The Bank of North-America

Supreme Court of Pennsylvania.

April Term, 1793

CASE against the payee and indorser of a promissory note, drawn by George Henry, for 1100 dollars, payable in 45 days, and dated the 26th of March 1785. The defence was, that due notice had not been given of the drawer's non-payment of the note; and the following evidence was produced pro and con.

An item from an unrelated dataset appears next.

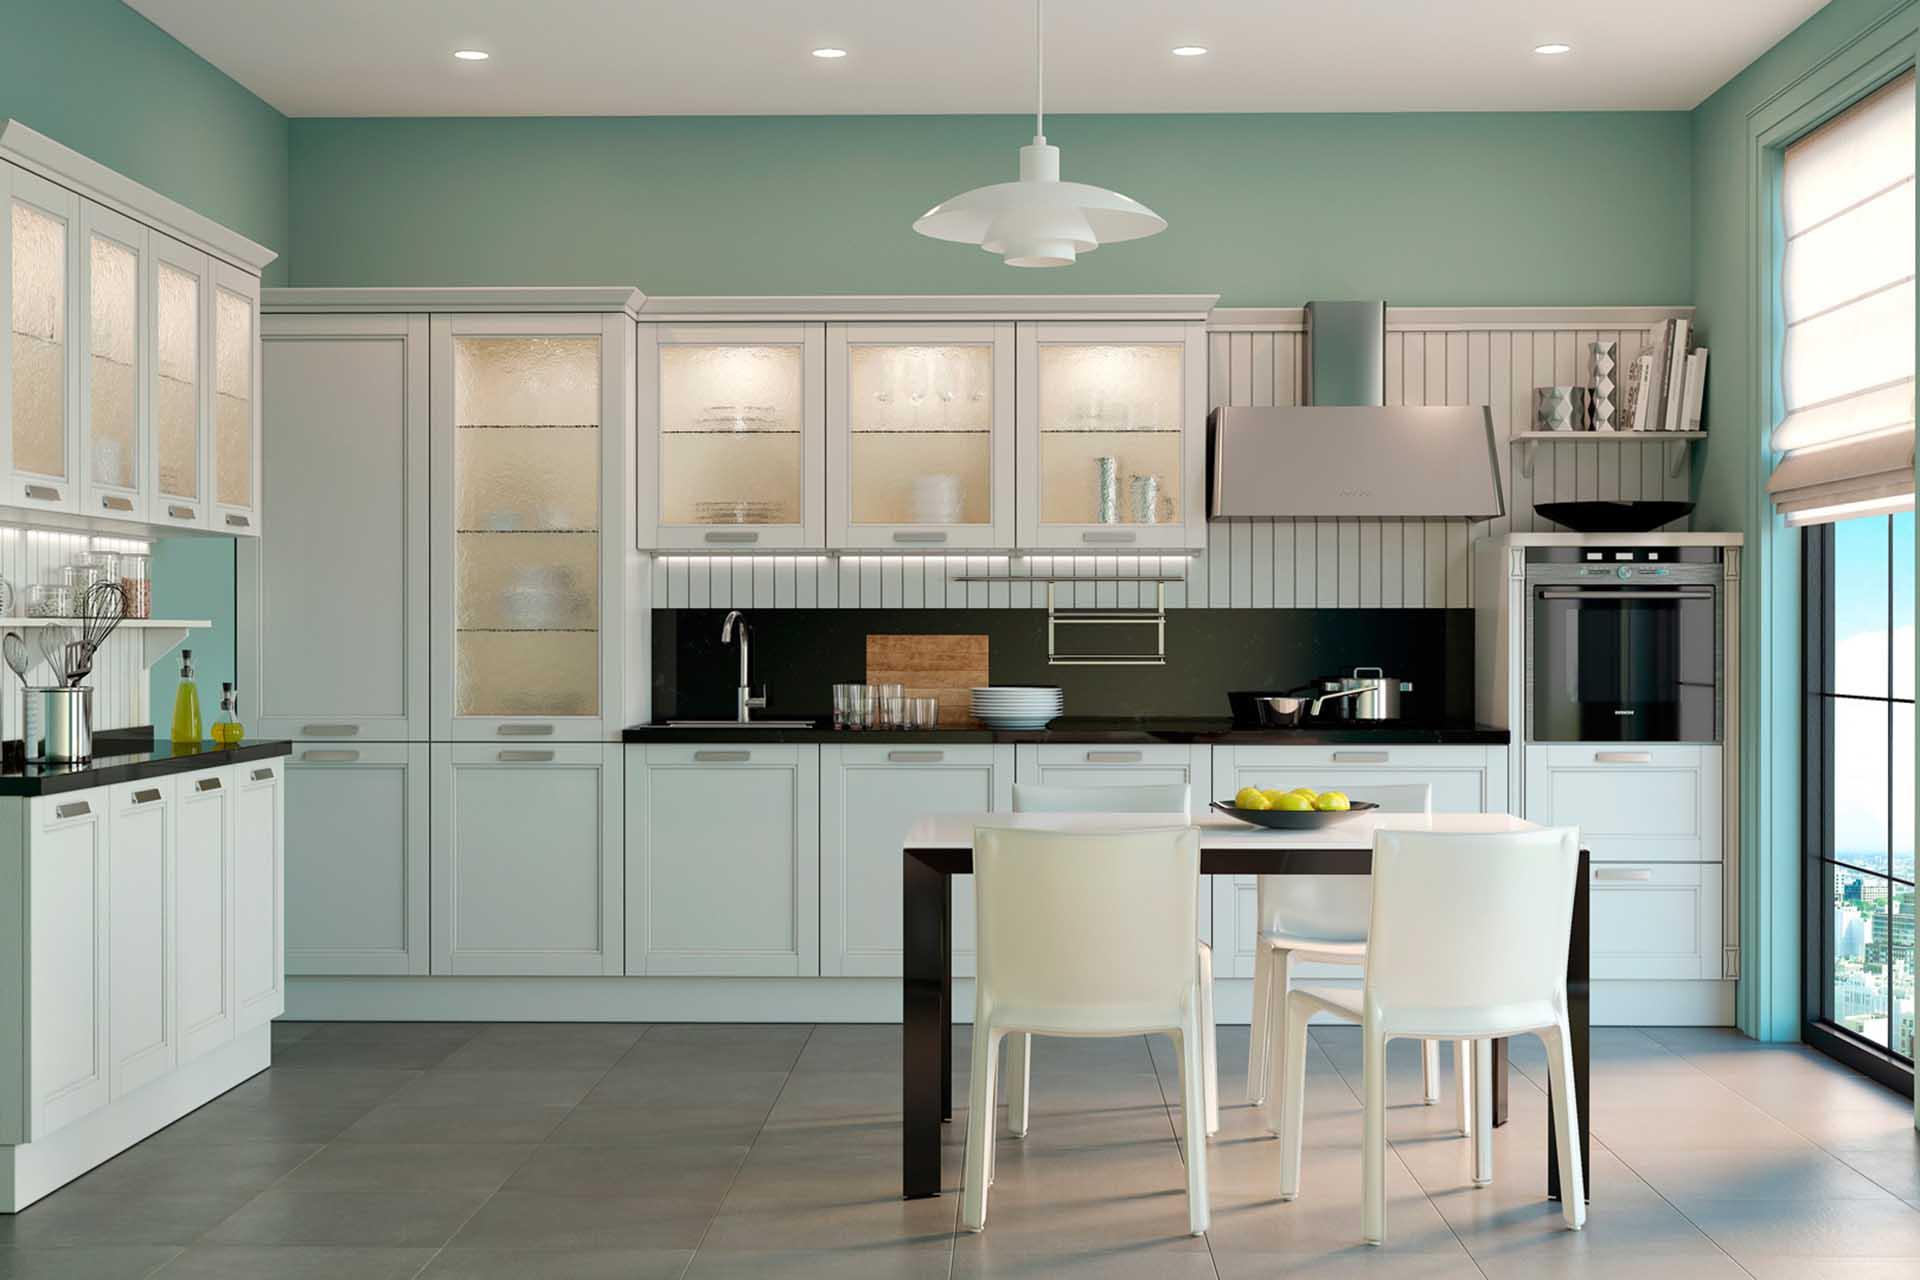 Эксклюзивный арт-дизайн кухни: как его разработать
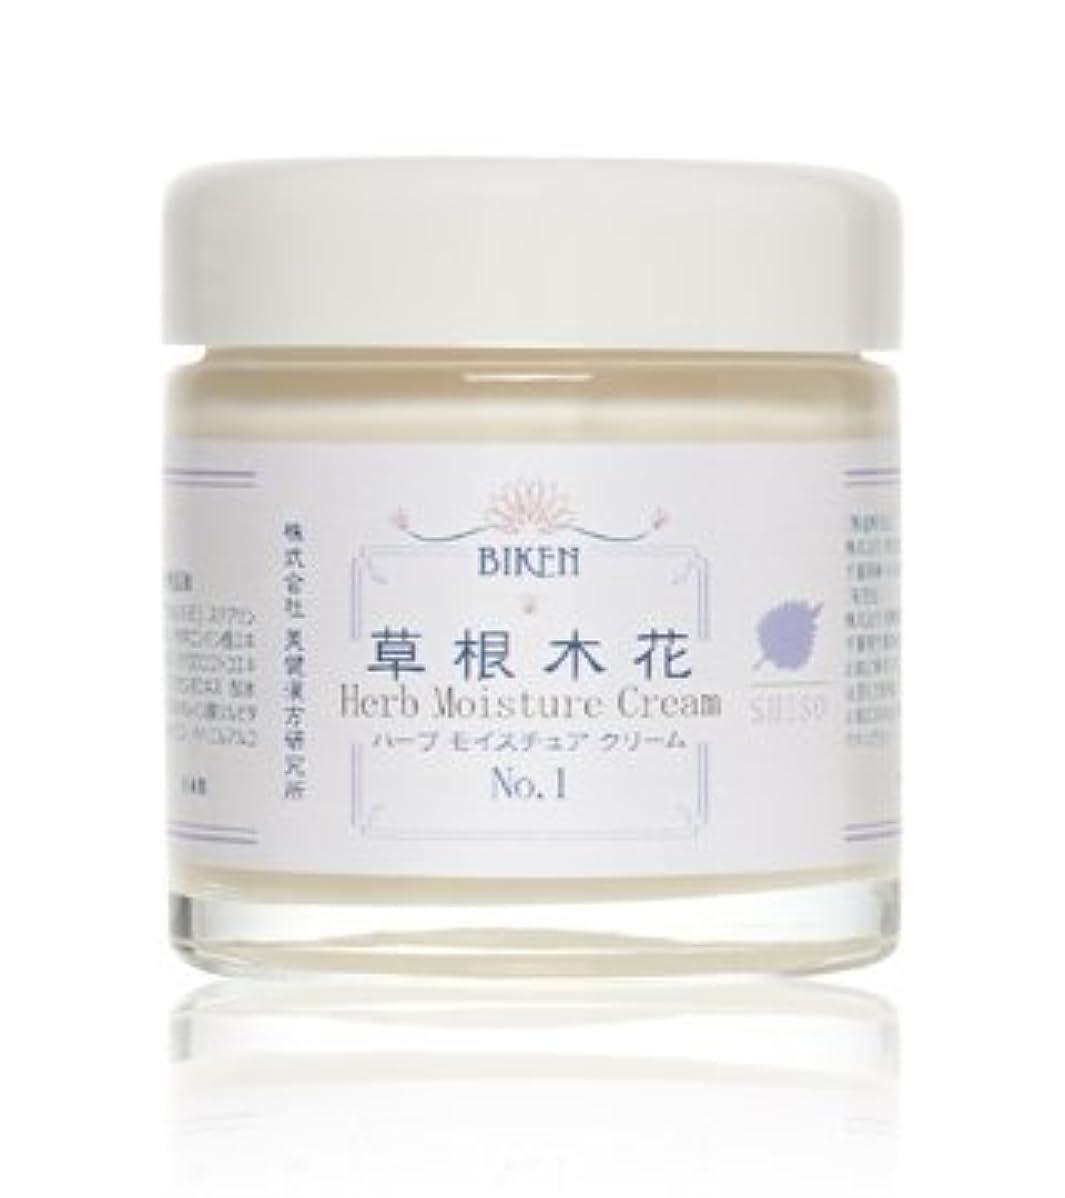 休眠競争力のあるポインタ「草根木花 ハーブモイスチュアクリームNo.1 (紫蘇クリーム)」  乾燥肌?敏感肌にシソエキス  シェアドコスメ(男女兼用化粧品)

For the plaintiff, the runner of the bank stated, that he believed he gave the drawer notice when the note became due, as it was his custom to do; that it was also his custom, at the expiration of the three days grace, to give the indorser notice; and, he conceived, he must have called on the defendant on the evening of the last day of grace; but, if not then, he was very clear he called the next day, or the second succeeding day at farthest; that he thinks he spoke to the defendant's son, and supposes he mentioned his business; that his reason for thinking he gave notice is, that he has a memorandum of Henry's notes lying over; and the president of the bank was very particular about them, and the indorsers; that when he called at the defendant's counting-house, he gave verbal notice, that the indorsement was unpaid, and the person he saw, told him that he would inform the defendant of it; that it was not then a practice to leave written notice; and, finally, that he was not doubtful, but very clear, that he gave the notice.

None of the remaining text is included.